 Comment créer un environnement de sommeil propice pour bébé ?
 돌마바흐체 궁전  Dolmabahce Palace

---

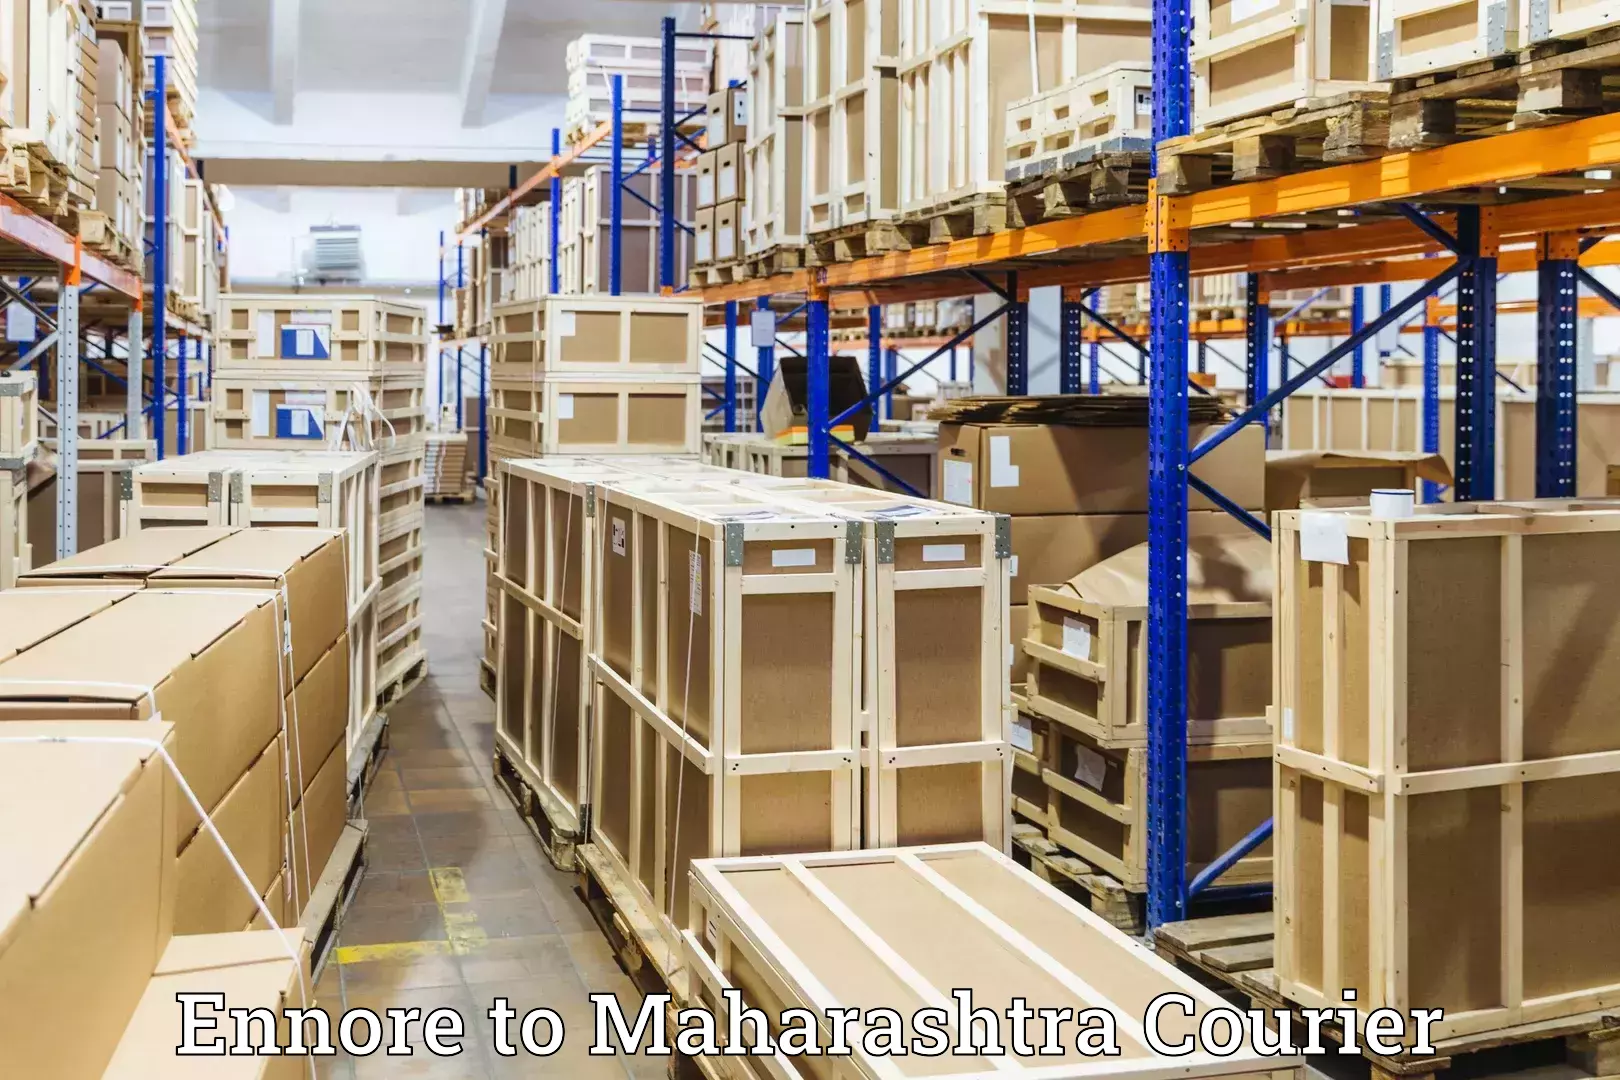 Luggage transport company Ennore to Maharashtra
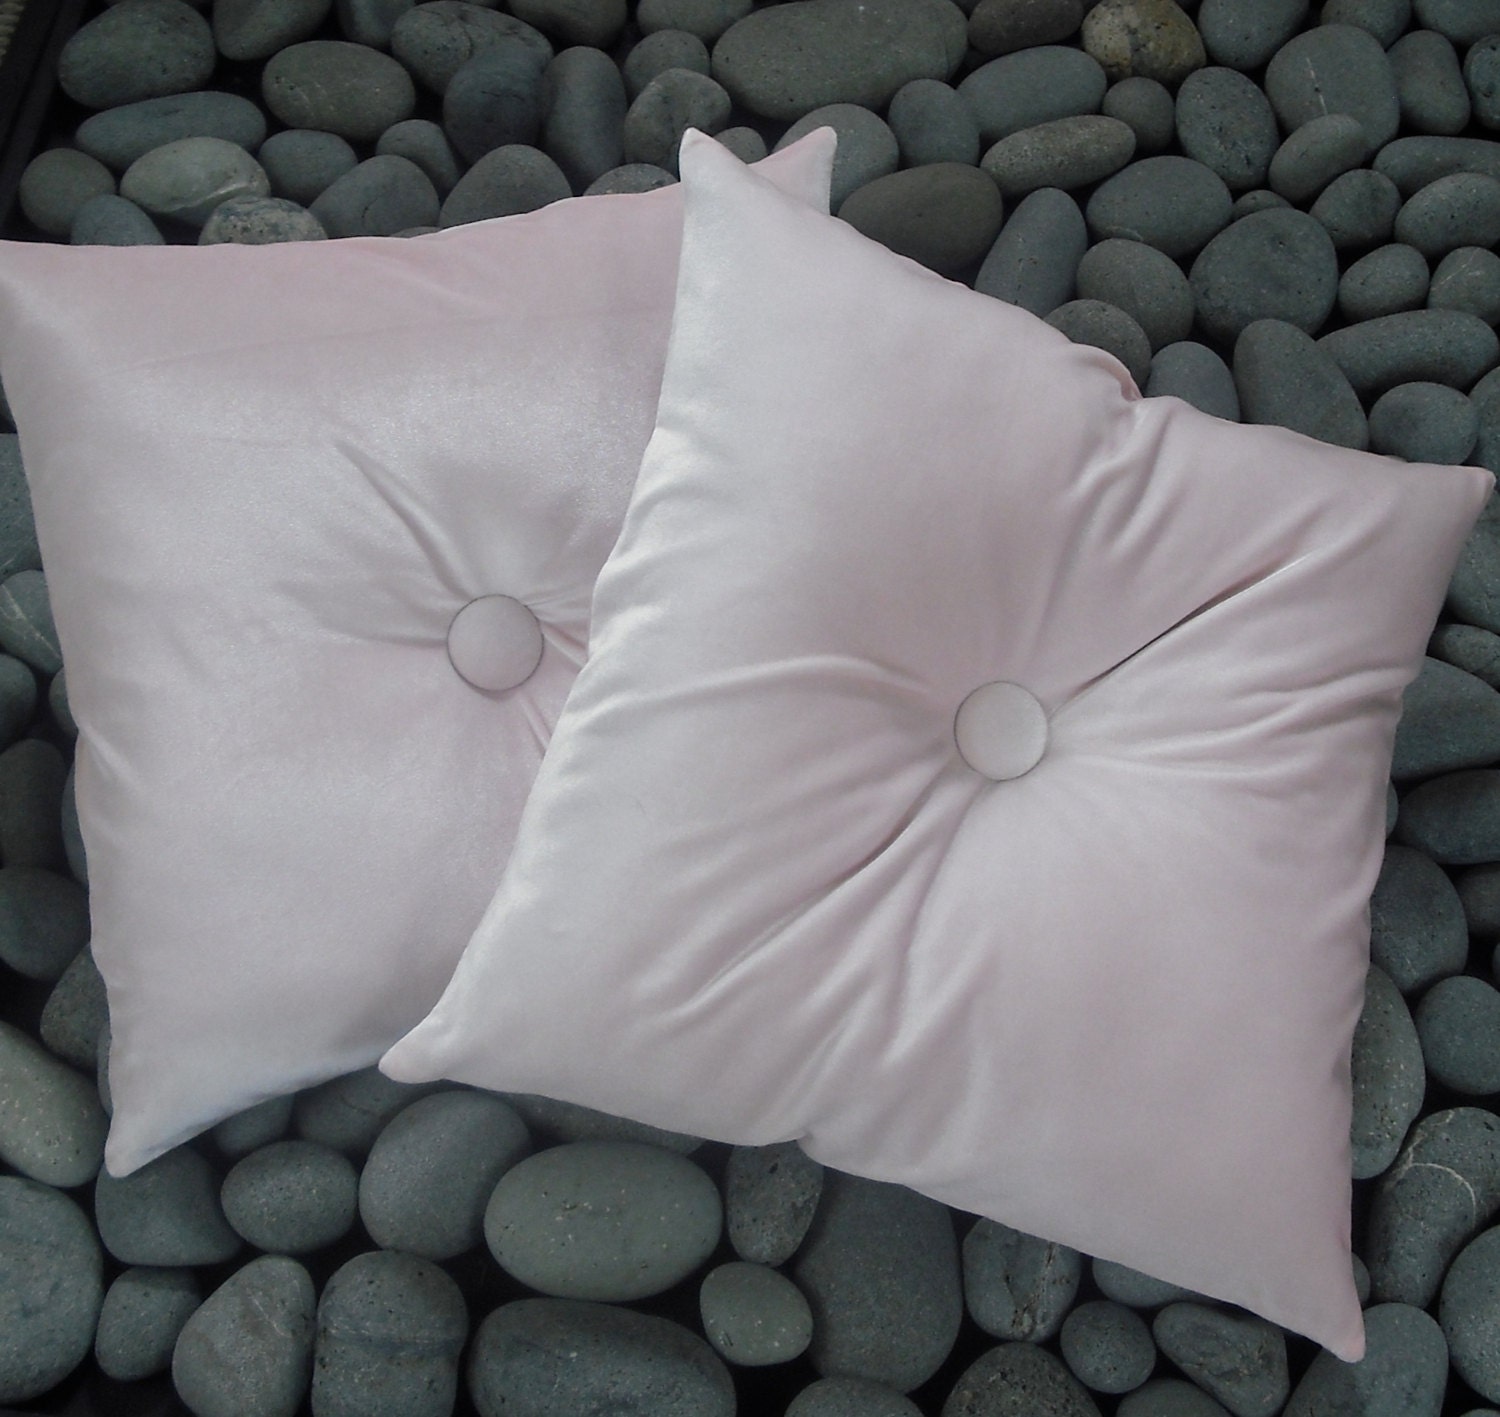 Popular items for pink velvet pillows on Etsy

---

**Your instructions**
To complete this exercise, transcribe exactly the lines above from the one that holds "Luggage transport company" through the one that holds "Popular items for". Pictures stay out.

**Solution for this problem**
 Luggage transport company Ennore to Maharashtra
 Popular items for pink velvet pillows on Etsy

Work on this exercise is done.